Firstly, combine data from COVID-19 testing results, hospital inpatient data, and death records to generate multiple COVID-19 related phenotypes, using the makePhenotypes function. The risk.factor phenotype, extracts and formats several of the most well-known risk factors for COVID-19.

## Obtain phenotypes

pheno <- makePhenotypes(ukb.data = "ukb0000.tab", 
                        res.eng = "20210426_covid19_result_england.txt", 
                        res.wal = "20210426_covid19_result_wales.txt", 
                        res.sco = "20210426_covid19_result_scotland.txt", 
                        death.file = "20210408_death.txt",  
                        death.cause.file = "20210408_death_cause.txt", 
                        hesin.file = "20210502_hesin.txt", 
                        hesin_diag.file = "20210502_hesin_diag.txt", 
                        hesin_oper.file = "20210502_hesin_oper.txt", 
                        hesin_critical.file "20210222_hesin_critical.txt", 
                        code.file "coding19.tsv")

## Obtain covariates

covariates <- risk.factor(ukb.data = "ukb0000.tab", 
                        ABO.data = "covid19_misc.txt.gz", 
                        hesin.file =  "20210502_hesin.txt", 
                        res.eng = "20210426_covid19_result_england.txt", 
                        res.wal = "20210426_covid19_result_wales.txt", 
                        res.sco = "20210426_covid19_result_scotland.txt")

Running a GWAS

Quality control and files for GWAS

Now carry out sample and variant level QC, using data supplied by UK Biobank.
For sampleQC, ancestry must be specified as "WhiteBritish" or "all".
For variantQC, MAF and INFO (imputation quality) filters can be specified, or defaults to MAF = 0.001 and INFO = 0.5.

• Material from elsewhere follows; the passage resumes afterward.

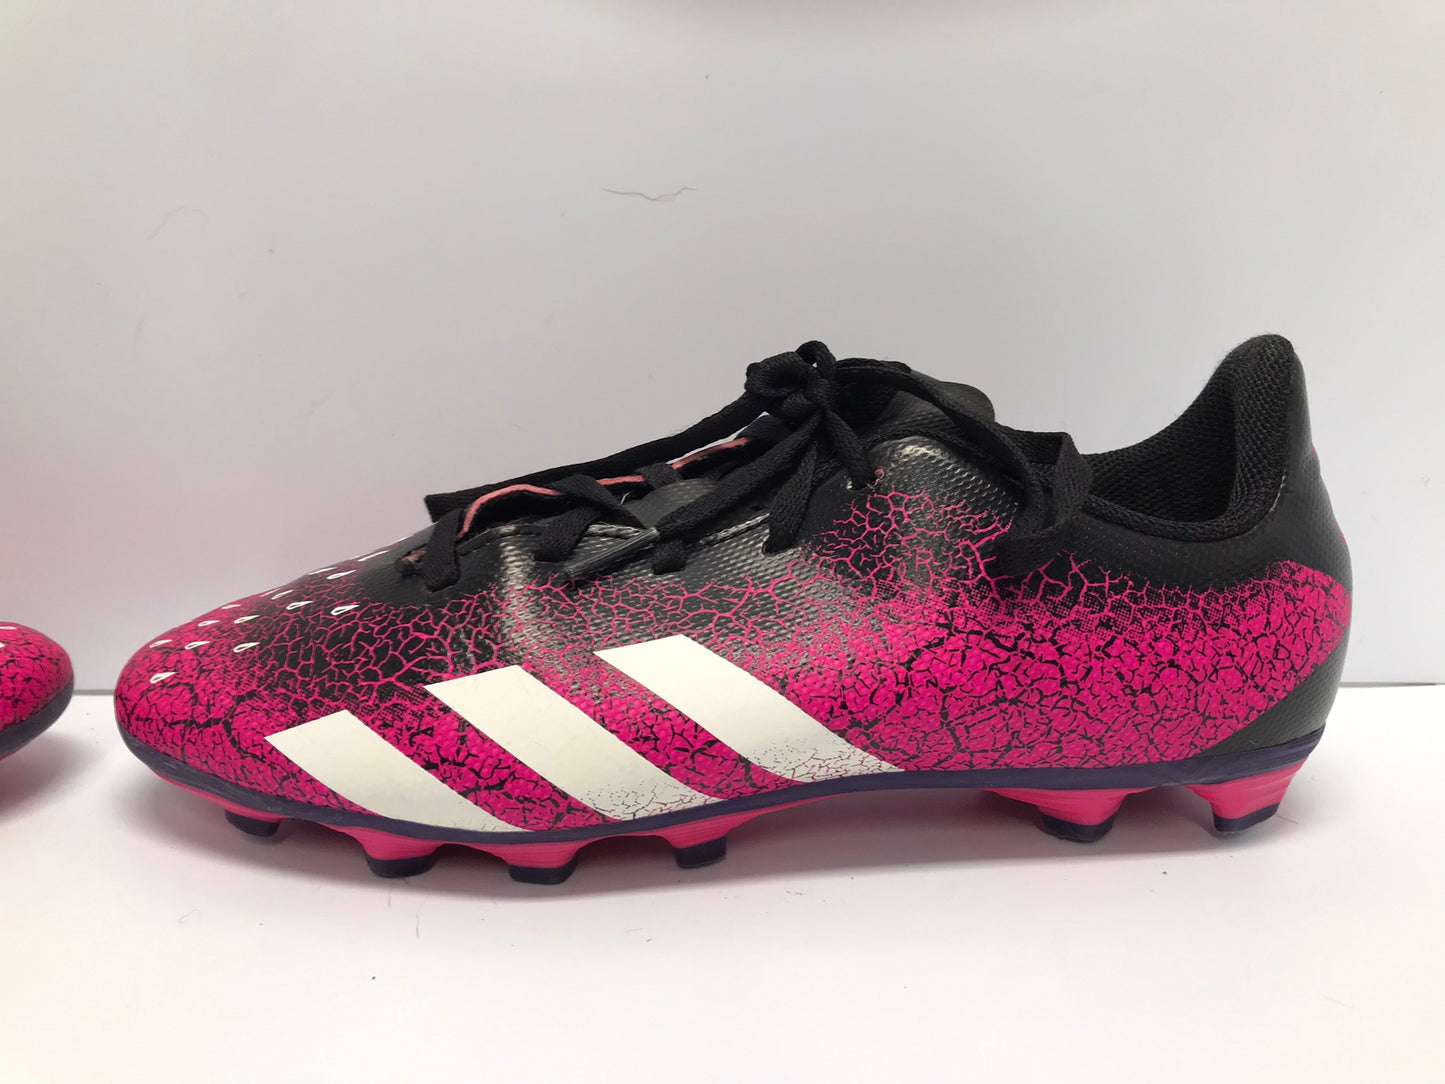 Soccer Shoes Cleats Men's Size 6 Adidas Preditor Pink Black Excellent
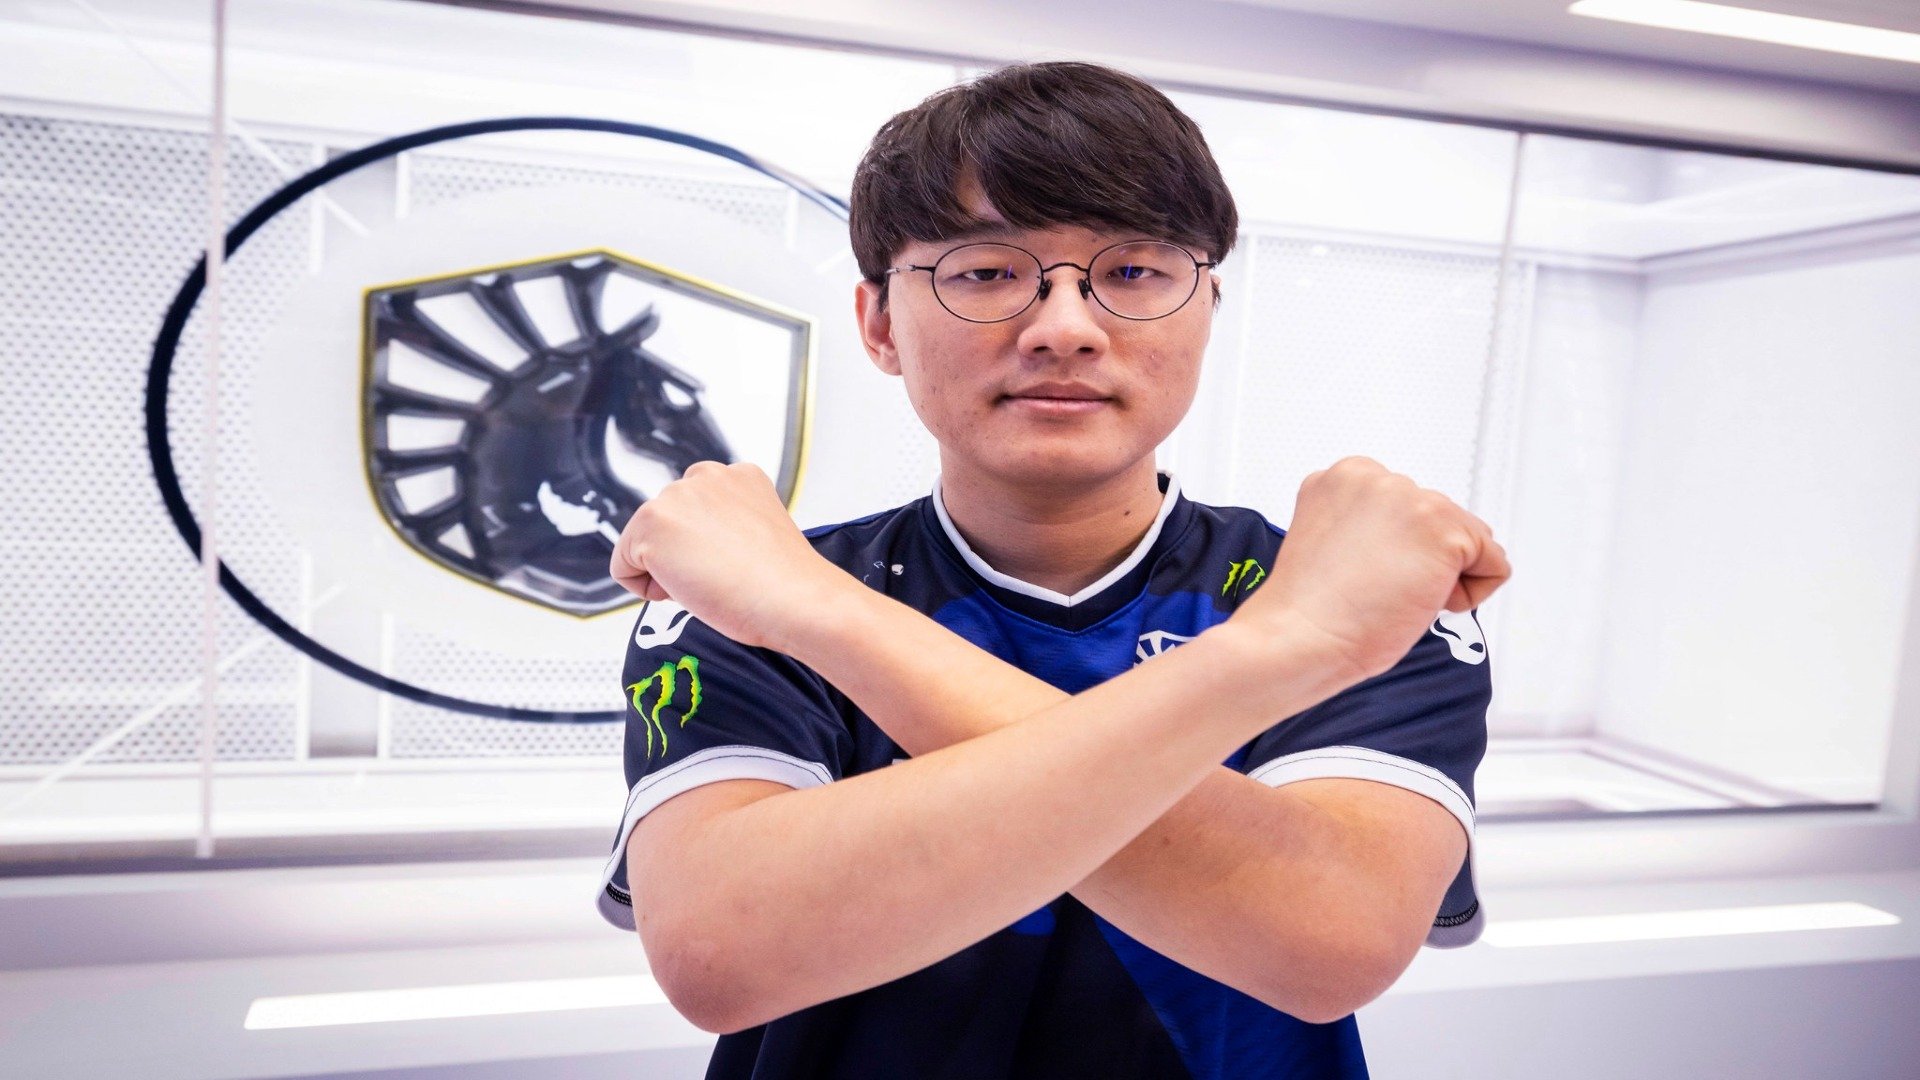 CoreJJ during the "LCS Heroes" photo shoot

sampleQC(ukb.data = "ukb0000.tab", 
         withdrawnFile = "w0000_20200820.csv", 
         ancestry="all", 
         software="SAIGE") 

variantQC(snpQC = "ukb_snp_qc.txt", 
          mfiDir = "qcDir", 
          mafFilt=0.001, 
          infoFilt=0.5) 

Sample QC outputs

Lists of IDs to include/exclude are outputted, with appropriate format.

If selected software is "plink":

If selected software is "SAIGE":

Variant QC outputs

Create phenotype files for input

The below commands generates a phenotype file that can be used to run a GWAS using SAIGE, of COVID +ve individuals vs COVID -ve.
By default, this function appends 20PCs of ancestry, and genotyping array to the phenotype file. User can also (optionally) specify additional covariates (eg as generated by the "risk.factor" function, above).

makeGWASFiles(ukb.data = "ukb0000.tab", 
              pheno = pheno, 
              covariates = covariates, 
              phe.name = "pos.neg", 
              cov.name = c("sex", "age"), 
              includeSampsFile = sampleInclude_SAIGE.txt,
              software = "SAIGE", 
              prefix = "phenotypes_SAIGE")

This outputs the file phenotypes_SAIGE.txt

Data filtering

Filtering of the genetic data requires:

For running SAIGE, we need to create:
1. a Plink format file, with SNPs to be used for calculating the genetic relatedness matrix.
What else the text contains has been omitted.